In particular, the Ecolabel for products of wide use has been adopted in Europe in 1992 [2][9]. It requires an environmental performance assessment (impact on air, water and soil, waste production, energy consumption and efficiency, safety) along with a well defined criteria, during the entire life cycle of the product (from cradle to grave). The label is assigned when some advantages from the environmental protection viewpoint, compared with other products on sale with similar characteristics and applications, are evident. The label may be used in the market place relying on the perception of those consumers who care for environmental problems preferring eco-labelled products even when they are little more expensive.

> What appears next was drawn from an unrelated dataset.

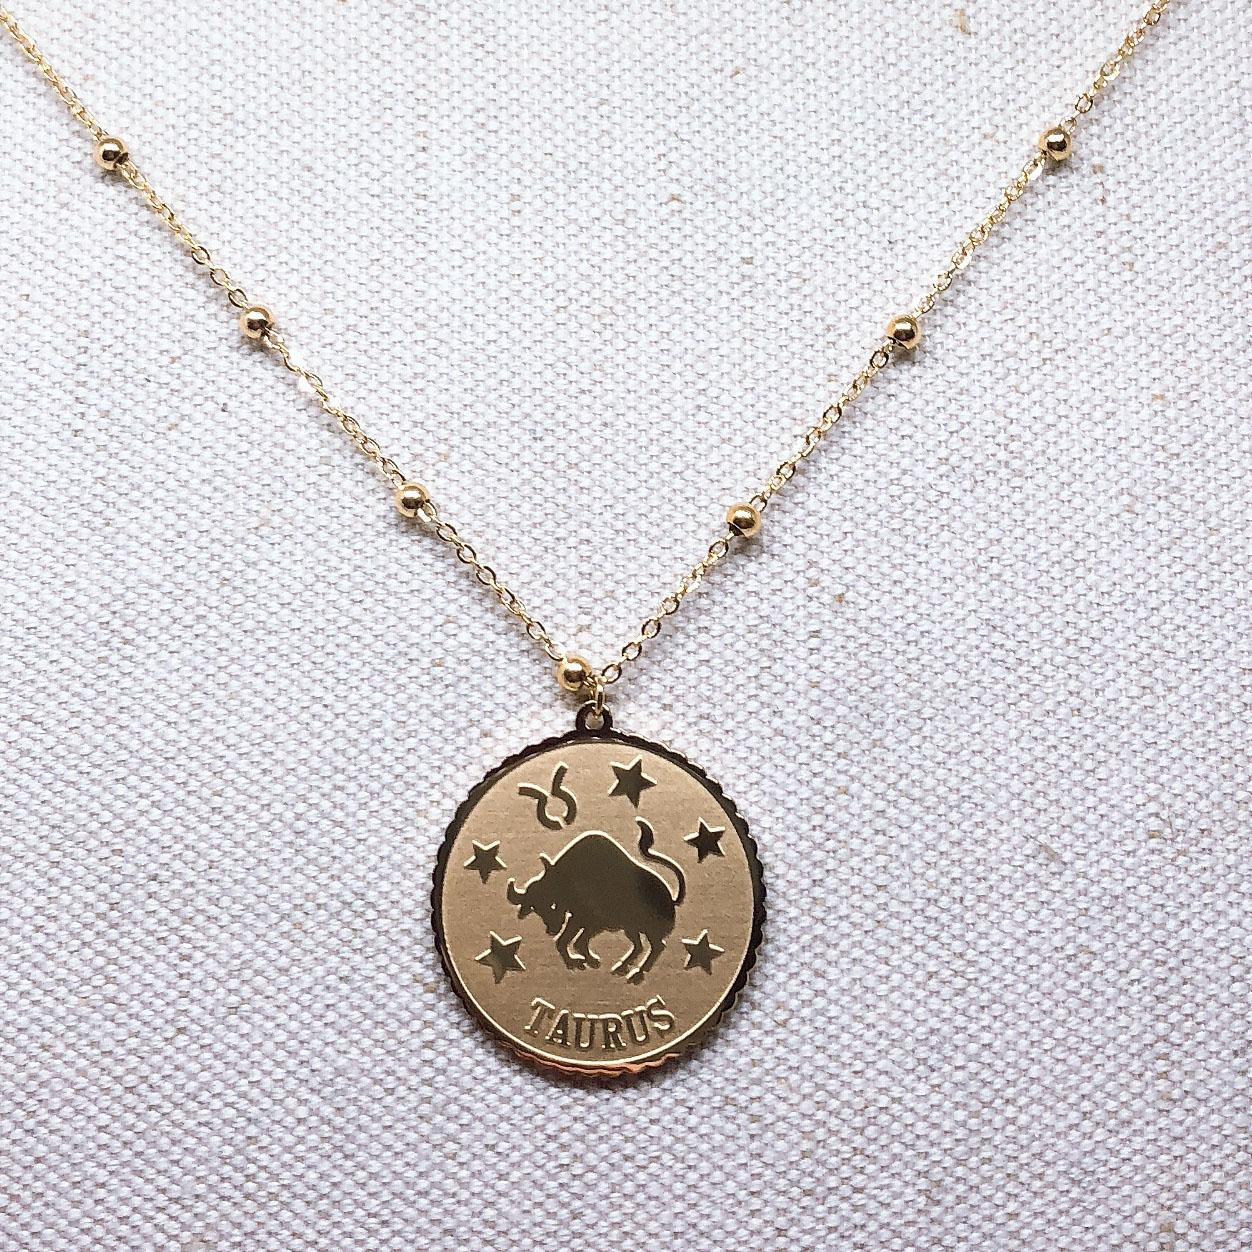 collier-femme-or-taureau

Actually the Ecolabel can not be applied to any kind of products, the life-cycle assessment is a complex procedure, the administrative aspects are time consuming, the cost is high through a fixed charge and an annual fee proportional to the income related to the product itself, the temporal validity of the label is relatively short, the percentage of public having good perception for those products is still low. Furthermore at the moment the European Commission established criteria only for 17 groups of products.

Much more interesting for companies and for the environment is the Ecoaudit label in order to get advantages in the international market or even as a mean to promote a research for innovative and more convenient solutions.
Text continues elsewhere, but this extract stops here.